Sometimes I have this deep urge to call her.  I want to just say hello, tell her something new, something old; share a new occurrence about my day, and my life... tell her I love her, what I've done and how it made me feel, but then I realize that she is not present anymore.  Although she is. And my little heart miss her terribly.  As my father takes her place in that aspect in my life now, I am learning to treasure him in a deeper, more meaningful way than ever.  My connection had always been with my mother, but throughout all these last years of her illness, my relationship with my father has matured in deeper ways; love have expanded, and tides strengthened.  He is essential in my life.  A rock.  An everlasting tree.   I have always thought of my father sort of ‘eternal’.  Unfailing.  Always there.   My little heart won’t dare think of him in any other way, other than forever by my side.  Why do we have to love so hard, and with such deep, strong love?  Love hurts.

The other day I read somewhere that energy cannot be created or destroyed, it merely changes form.  I believe that energy goes back to the Creator who gave it, and in Him is where I chose to keep my hopes... 

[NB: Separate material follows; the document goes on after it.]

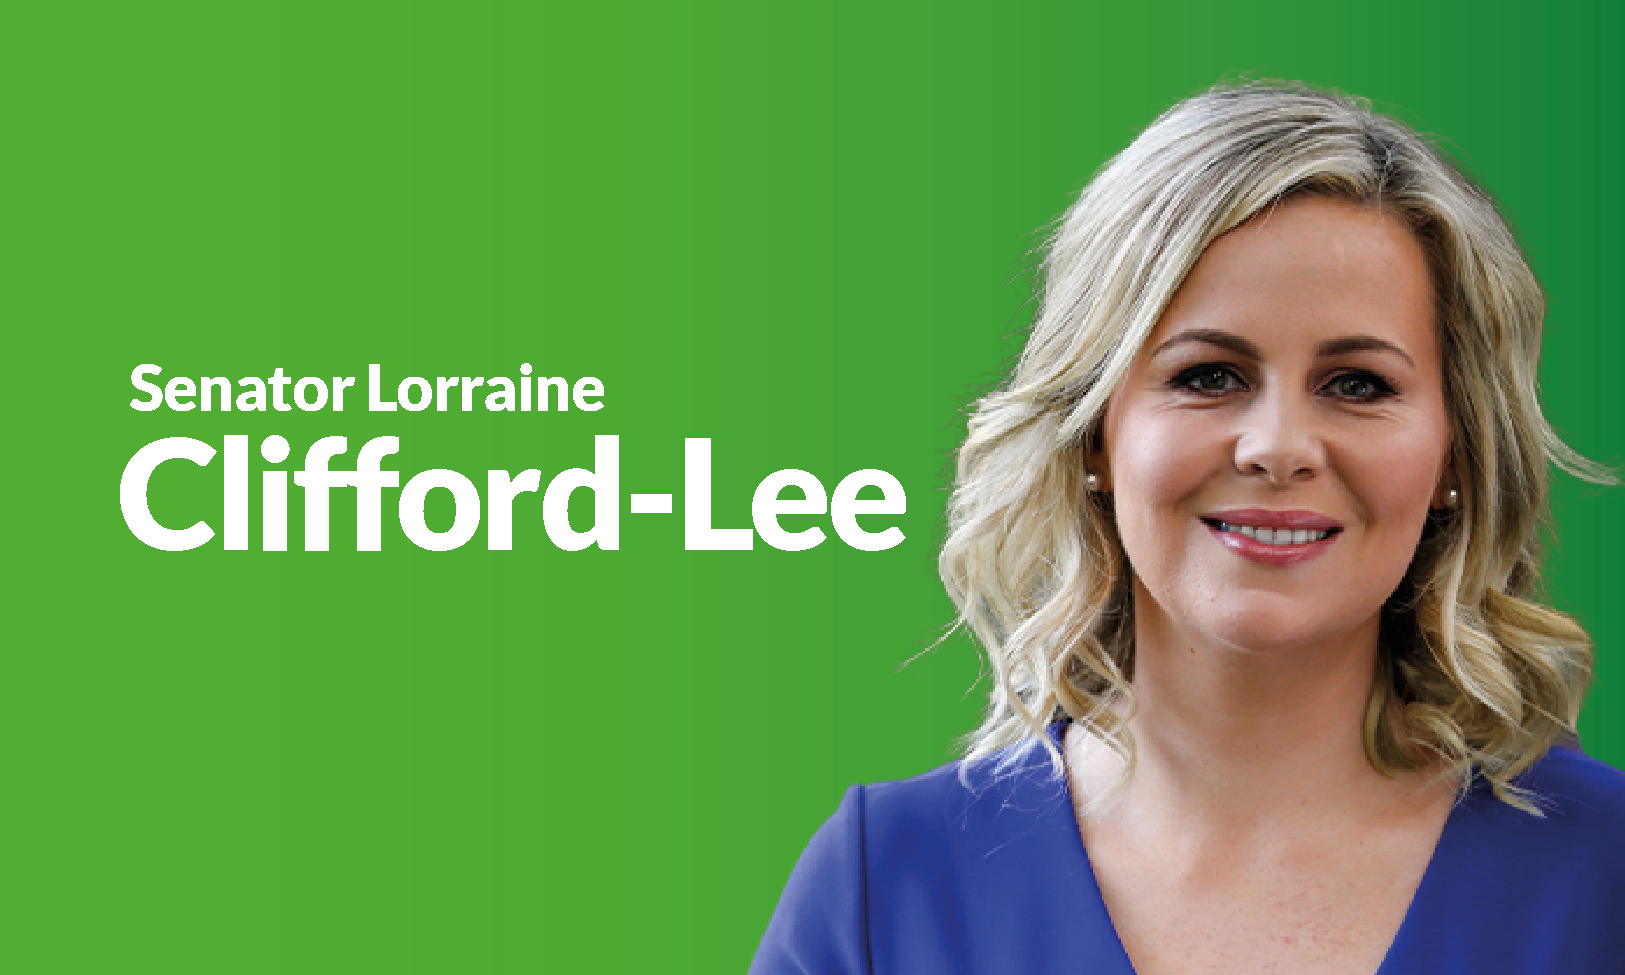 Clifford-Lee calls on the HSE to publish all public health campaigns in Irish

The other day, upon coming back home from Home Depot, my car wouldn’t start.  I noticed that the man parked beside me was ready to come ask if I needed help, but very politely he waited a little bit, until it was finally evident I was having car trouble.  He tried to help me as best as he could, then came another man, and yet another.  Three men stood by my car at one point trying to help me get my car started… until it finally did. I find this courteousness and gallantry of the southern men, amazing.  It is true that I had have a few unpleasant experiences in the past in the years we lived here in the south, but it is also true that for the most part, southerners are very courteous and friendly people.  The friendliest I’ve ever known, and that pleases my personality very much.  So, I felt compel to put a good word out there on their behalf.  If I’m ready to talk about the bad people, and their deeds, I will also praise the good ones too.  Plus, I count this incident as part of the occurrences transpired while living life here.  So here they'll stay.  I am leaving them here as a record, for whenever I want to turn the pages of my life back to those forgotten days of yesterday, and read again.

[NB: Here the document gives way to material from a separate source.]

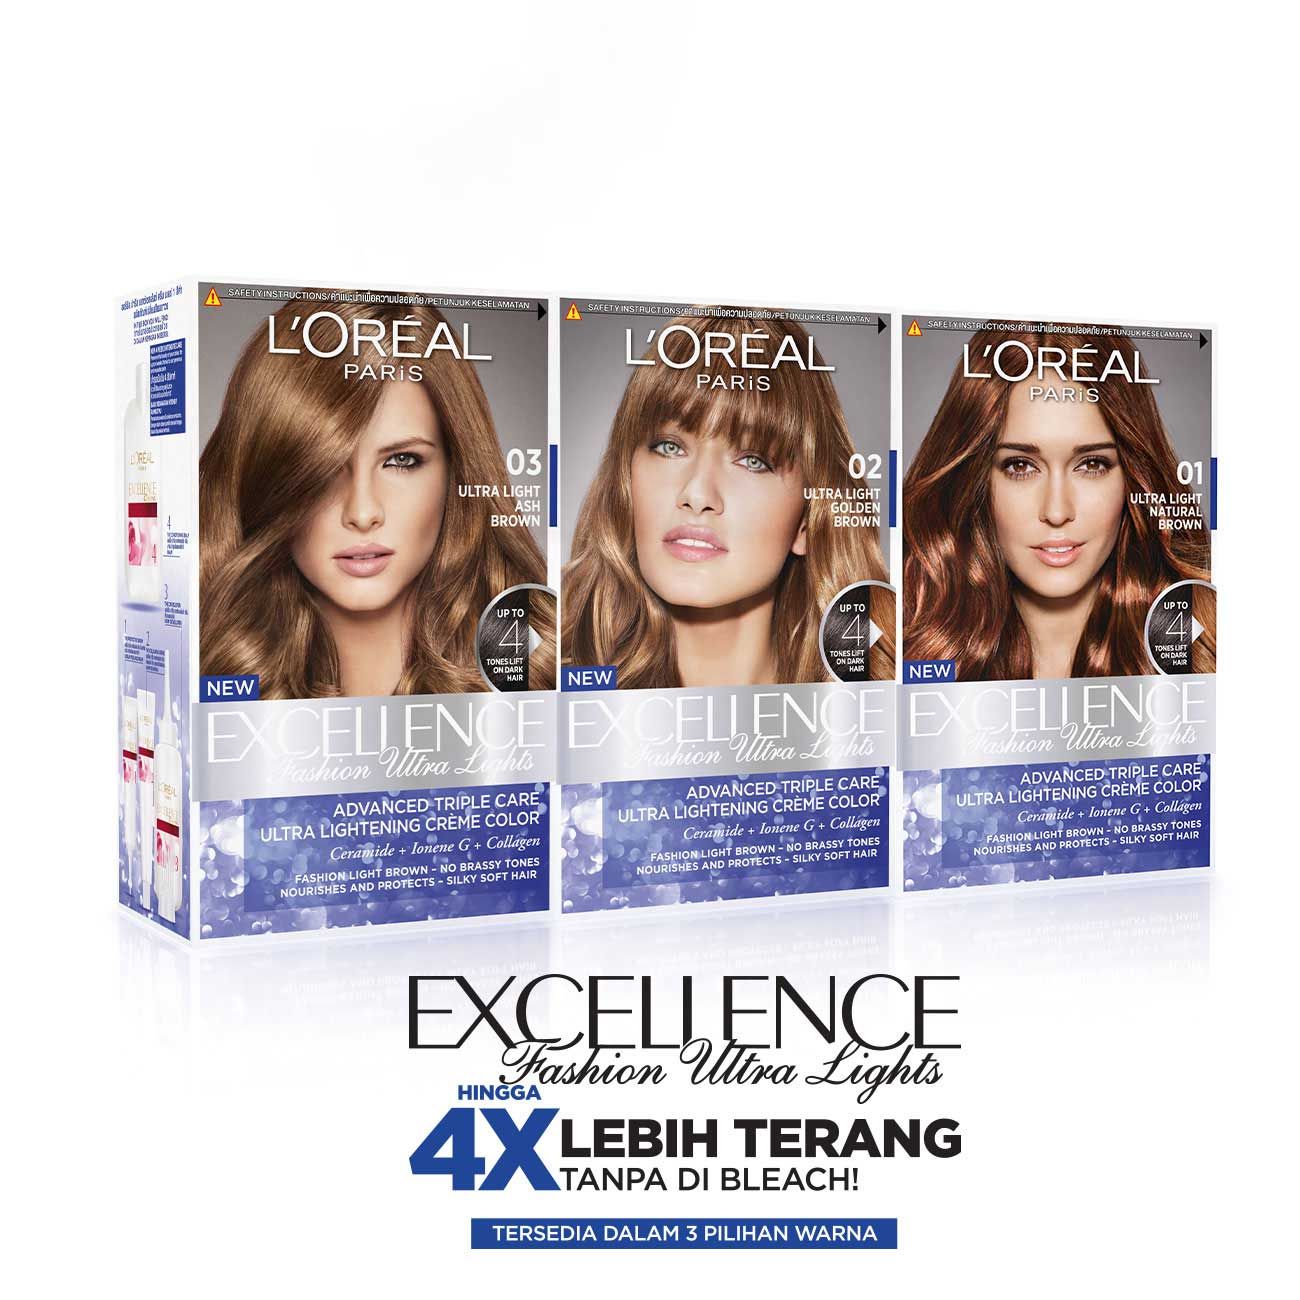 L'Oreal Paris Excellence Fashion Ultra Lights 01 Nat Brown - 3

The Fisherman came home to our little white cottage on Wednesday.  And today, the packing crew came by… Ruben, and Eric did such a great job packing up all of my mirrors, art, lamps and delicate things.  They also took care of all of my plants and garden statuary.  All nicely packed up now.  After they left, we continued packing some more, and started patching up holes and retouching the paint on walls.       

Days around here have taken on the hues of pumpkins, and the air smells sweet and cottony fresh.  Around the edge of the woods the big leaves of the maple trees are piling up; toasted and desiccated and deep brown in color, and up the hills those sentinel of trees, protectors of our little white cottage, have changed their summers costumes into autumnal glories.  How did this happen? So fast trees change colors, it almost is like magic.  And I like to see them as some actors and actresses on a play, exiting through the main doors of Summer in the middle of that stage called “seasons”, ready to change costumes in a blink of an eye, just to amuse me…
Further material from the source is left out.